I have a 55 gallon tank that I have a group of 7 blue rams in. I just was wondering if anyone could tell me about how long it will take them to start pairing off and how to tell a pair has formed for sure. I have one that will sit with one other but then I come back and she's still in "her spot" of the tank but with a different fish. Lol she chases all of them.


----------



## mpfsr (Jun 22, 2011)

Rams mature very quickly only a few months. How long will it take to pick a mate? well thats up to the fish theres no time table for that sorry...


----------



## Betta man (Mar 25, 2011)

Well, they should do it shortly. My bro cichlid dude should be able to help you... Try sending him a message.


----------



## ZebraDanio12 (Jun 17, 2011)

Okay...This comment is not about blue rams(SORRY!) but I noticed you sell blue cobra guppies. I've been looking evrywhere for them! They are my favorite~ If you will ship to South Carolina I'd be interested in buying.


----------



## platies pwn (Nov 29, 2010)

ZebraDanio12 said:


> Okay...This comment is not about blue rams(SORRY!) but I noticed you sell blue cobra guppies. I've been looking evrywhere for them! They are my favorite~ If you will ship to South Carolina I'd be interested in buying.


Haven't you ever heard of a pm?


----------



## ZebraDanio12 (Jun 17, 2011)

platies pwn said:


> Haven't you ever heard of a pm?


Yeah...i thought about that right after i posted. again sorry! dont yell at me im a dumbbutt.


----------



## emc7 (Jul 23, 2005)

When one pair has a good chunk of territory and no other fish are allowed over an invisible line, you have a pair. In the aquarium, you can also get weird stuff like one male with 2 or 3 females each with their own spots and he commutes. 

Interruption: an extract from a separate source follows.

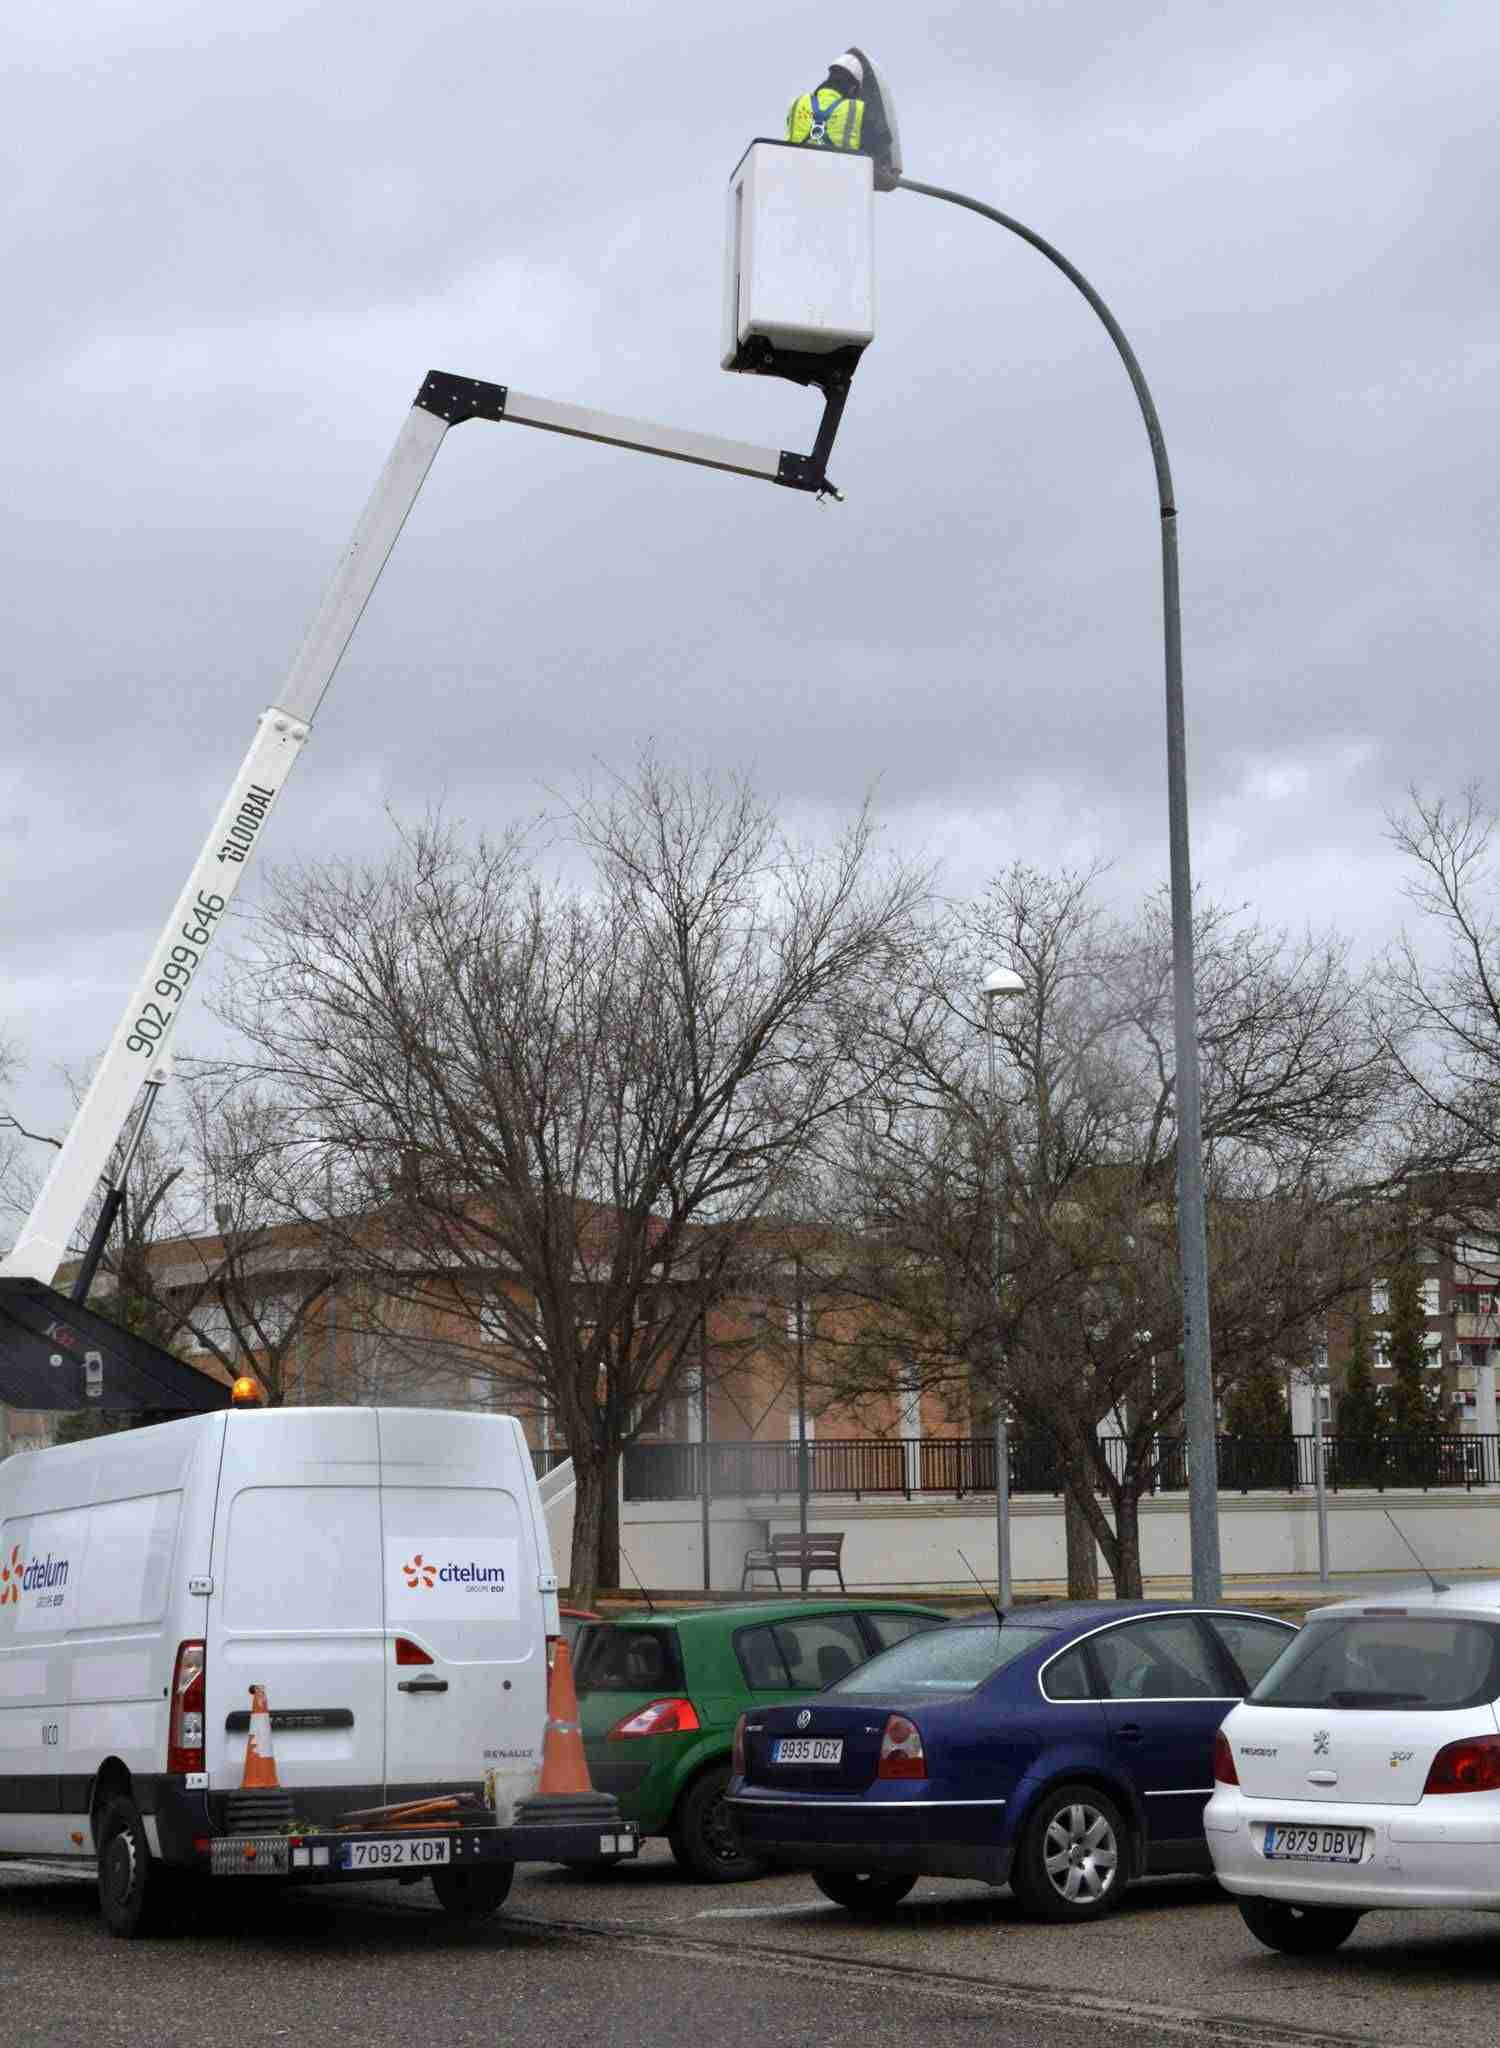 Toledo finaliza en el barrio del Polígono la renovación de 10.000 lámparas del alumbrado público 3
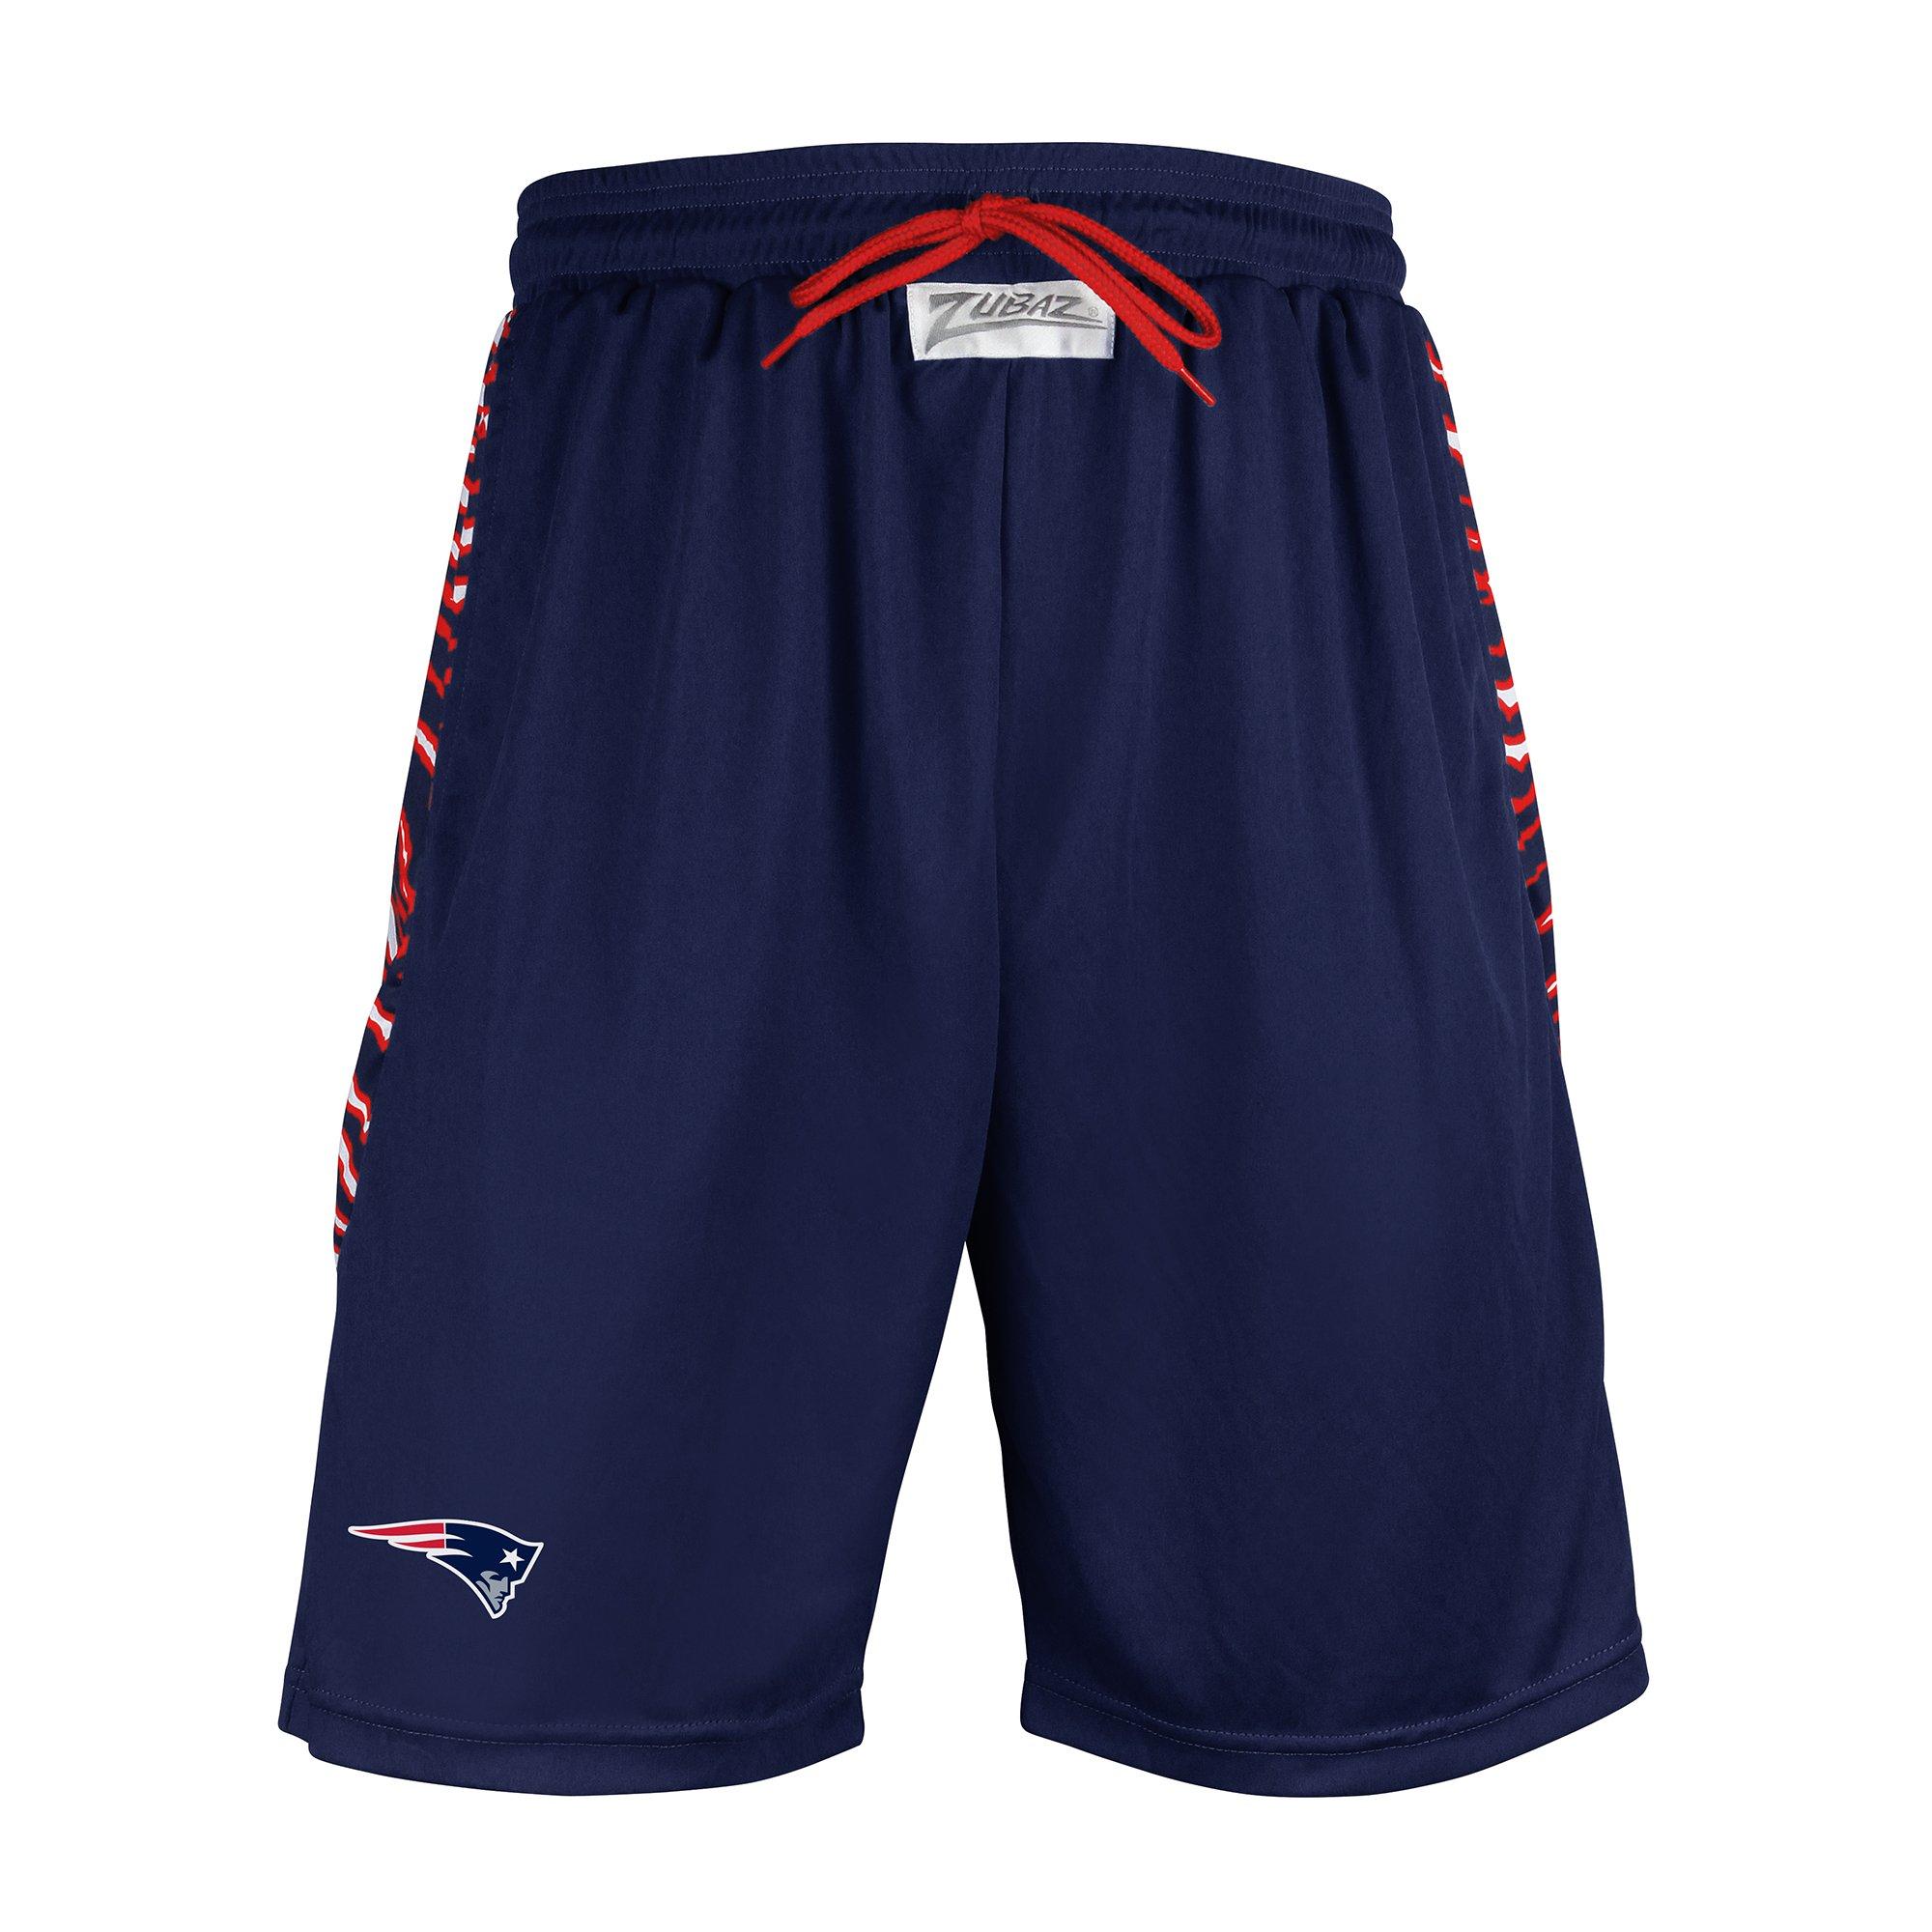 8cc31a2f4 NFL New England Patriots Men s Zubaz Zebra Print Accent Team Logo Active  Shorts

Ram tips: warm water. 84F like discus, clean and soft. Live blackworms if you can get them to condition the parents. A very small live food for the fry. Mine did well on microworms.


----------



## lohachata (Jan 27, 2006)

WOW !!!! betta man...i didn't know that cichlid dude was your brother...


----------



## Betta man (Mar 25, 2011)

lol, it was a secret for a while!


----------



## Betta man (Mar 25, 2011)

it was his ram that I posted about. It's where I learned about rams. He also introduced me to this forum.


----------



## FlyFish (Nov 21, 2010)

Thanks for sharing!


----------



## guppybreeder! (Sep 22, 2007)

thanks everyone!! tons of help! hope to start seeing some spawning soon!


----------



## lohachata (Jan 27, 2006)

by the way betta man....the term is "brother" not bro.......unless you are black....


----------



## Betta man (Mar 25, 2011)

bro brother what ever... Bro is shorter and easier to type.


----------



## Cody7489 (Feb 24, 2012)

I am new to this forum, but after reading everyone's unnecessary, almost rude, comments to someone who is using this forum for help, I may just opt out of this.. ::ridiculous::


----------